Roadside Picnic is a wonderful and classic SF story that suffers only a bit from the translation from Russian (this is the 2012 translation by Bormashenko (Hard to Be a God was not in my edition). At times it feels like the context gets lost or flow is interrupted by an odd word choice.
With that said, the story is wonderfully engrossing. It is a compelling situation, Aliens(?) visit Earth in 6 locations very briefly and leave. The story is about one location that happened to be an ordinary town in someplace like America, unclear, but unimportant. Our hero is a stalker, a person who illegally enters this tightly controlled zone to steal 'treasures' left behind after The Visit.
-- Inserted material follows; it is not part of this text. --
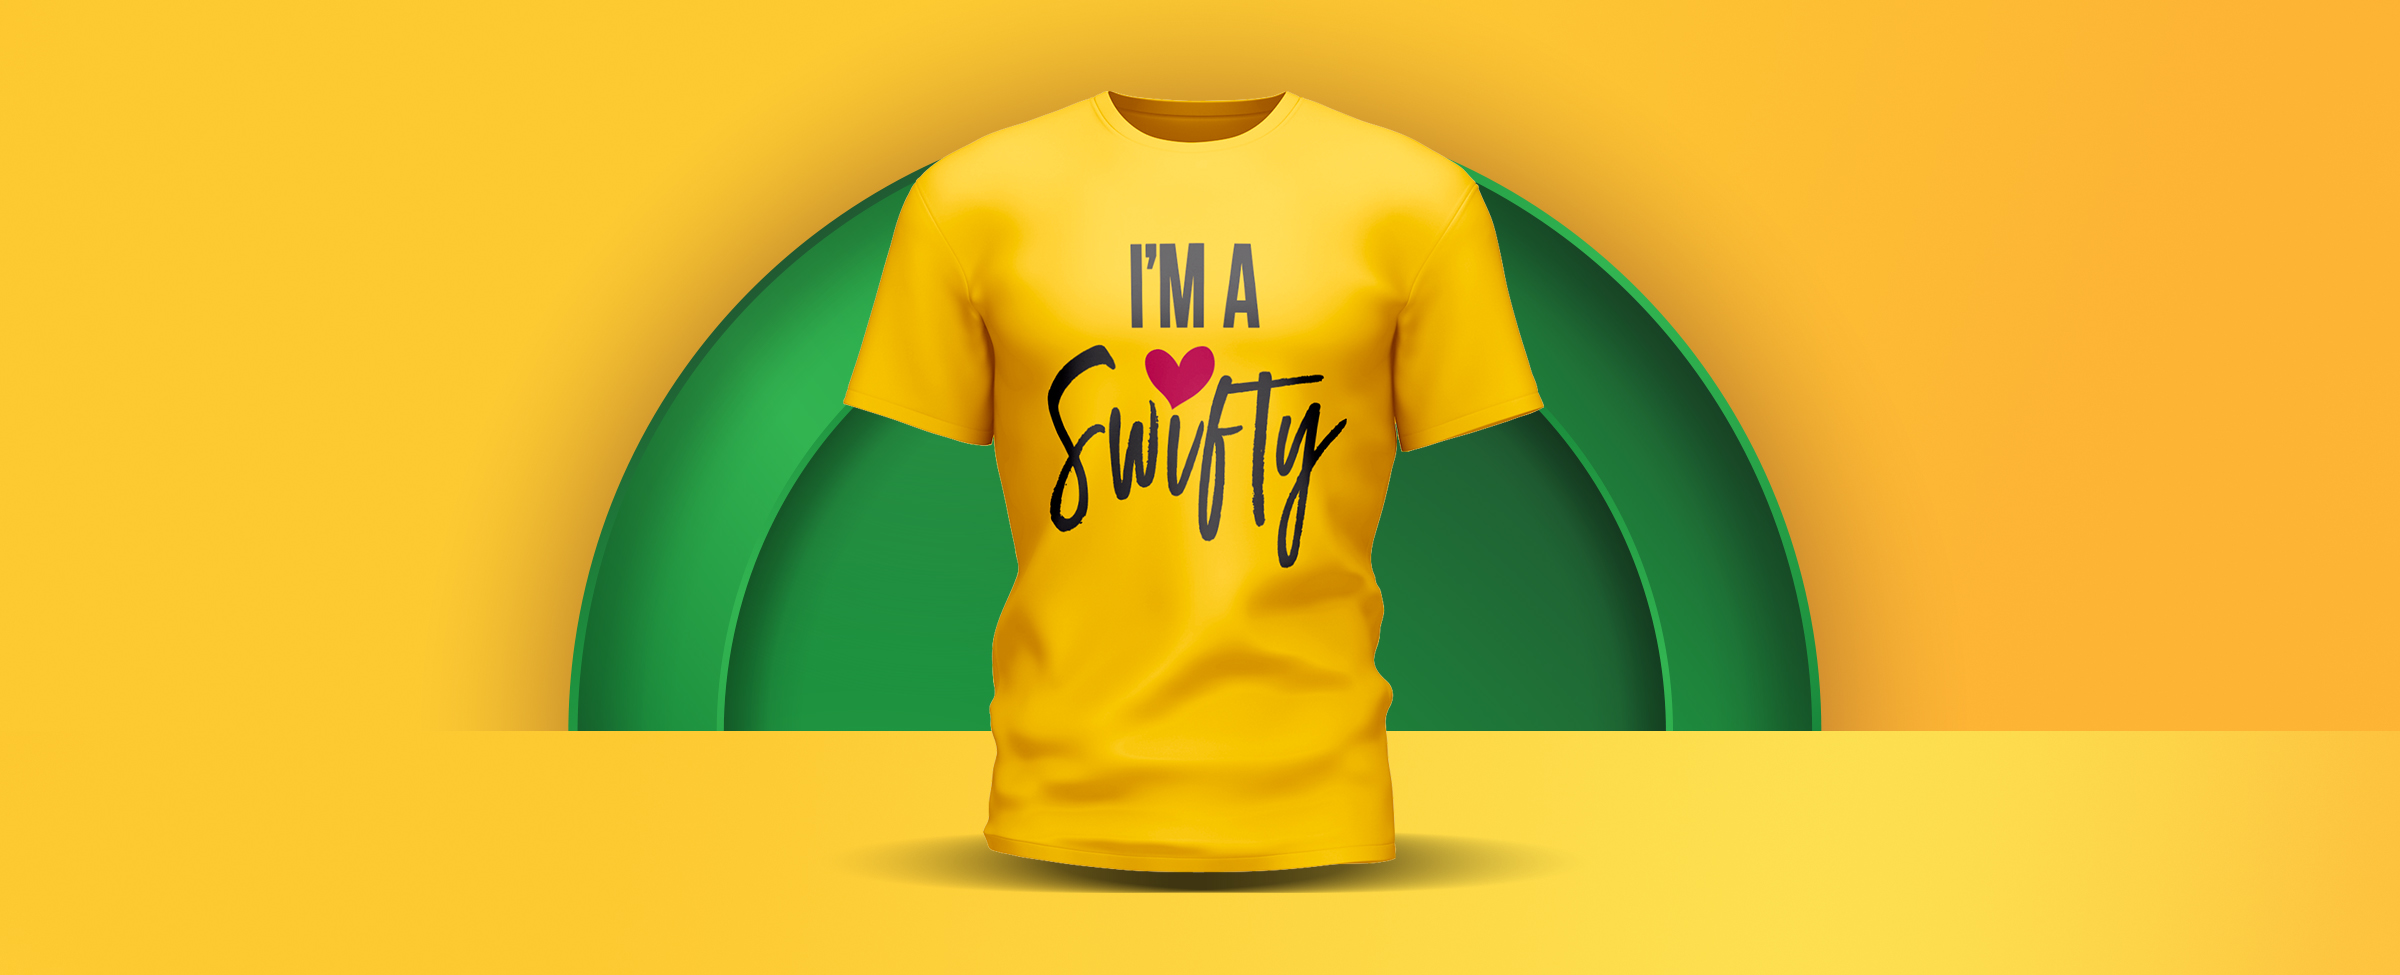 A t-shirt with “I’m a Swifty” on it on a yellow background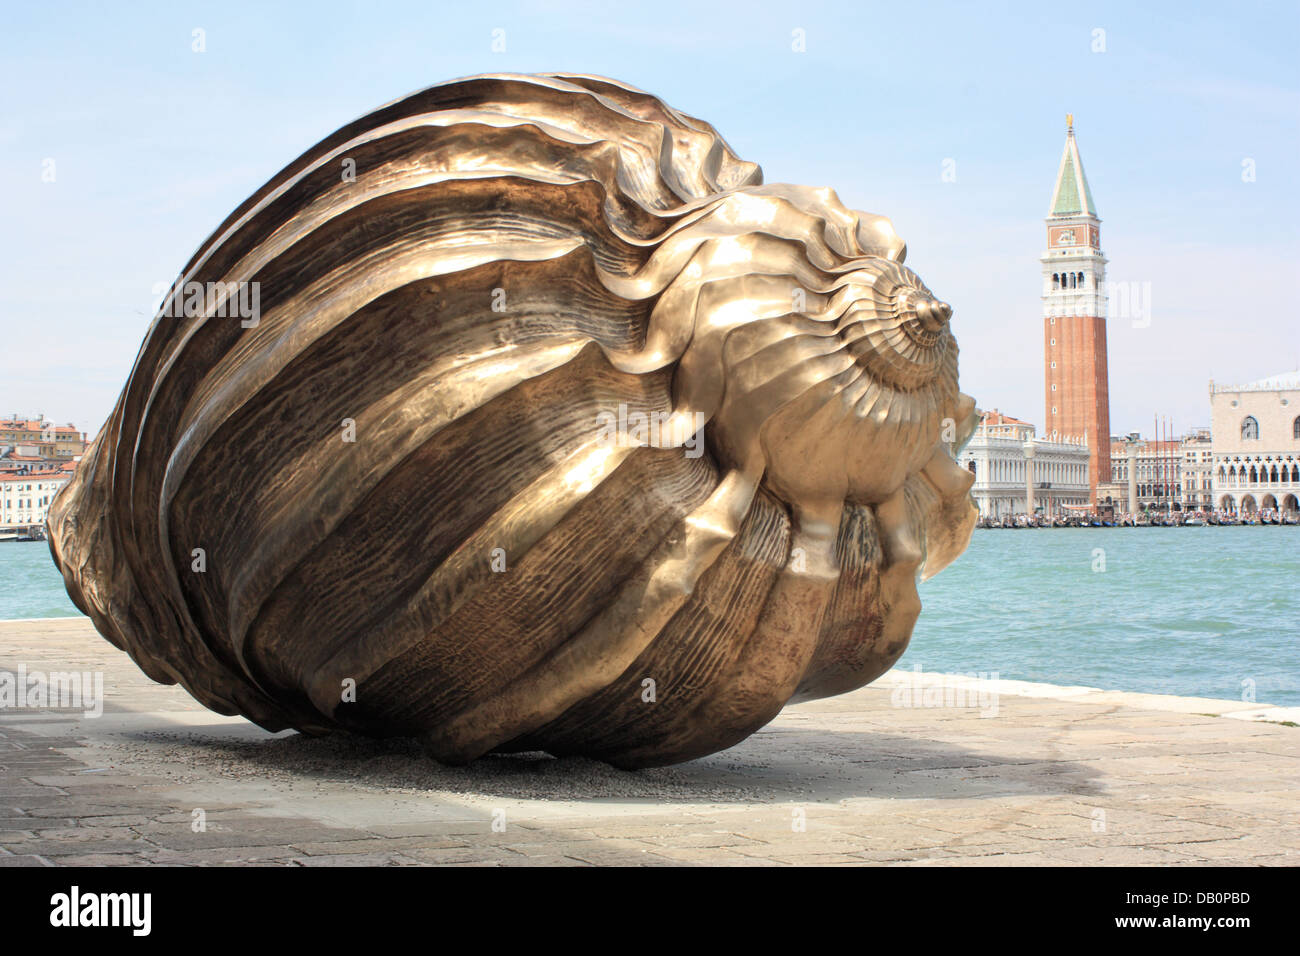 Exposition d'art, La Biennale di Venezia 2013 - spirale de la Galaxie, un coquillage en bronze d'art de l'artiste britannique Marc Quinn Banque D'Images

They are mysterious and sometimes useful and all incomprehensible. Each run is a treasure hunt, mapping expedition, and game of 'Russian Roulette'. A slight turn the wrong direction can be deadly in the literal blink of an eye, or days later, or change you utterly for good or ill.
Why are those artifacts? Mysteries for humans to solve and demonstrate our capacity to join the universe of sentient beings? Deposits to improve our situation from a beneficent species? A vector for invasion? Evidence points to these ideas and more. And, what about the rumored truly unique artifacts that reside in the zone, one that is alleged to grant your innermost wishes? What could you want to ask for?
It's all so compelling and nothing is resolved. And, in that way it is brilliantly done, brilliantly constructed. Like much of life as we learn in our later years, nothing is resolved. Stunning event happens on Earth and, practically speaking, our corruption leaks all over it as much as it leaks all over us.
I recommend the book highly. An engrossing short read.
The story of its difficult publishing history in 1970s and 80s Soviet Russia is intriguing. But, we have assurance that this translation is of the original text and includes an postscript by one of the authors describing some of that history.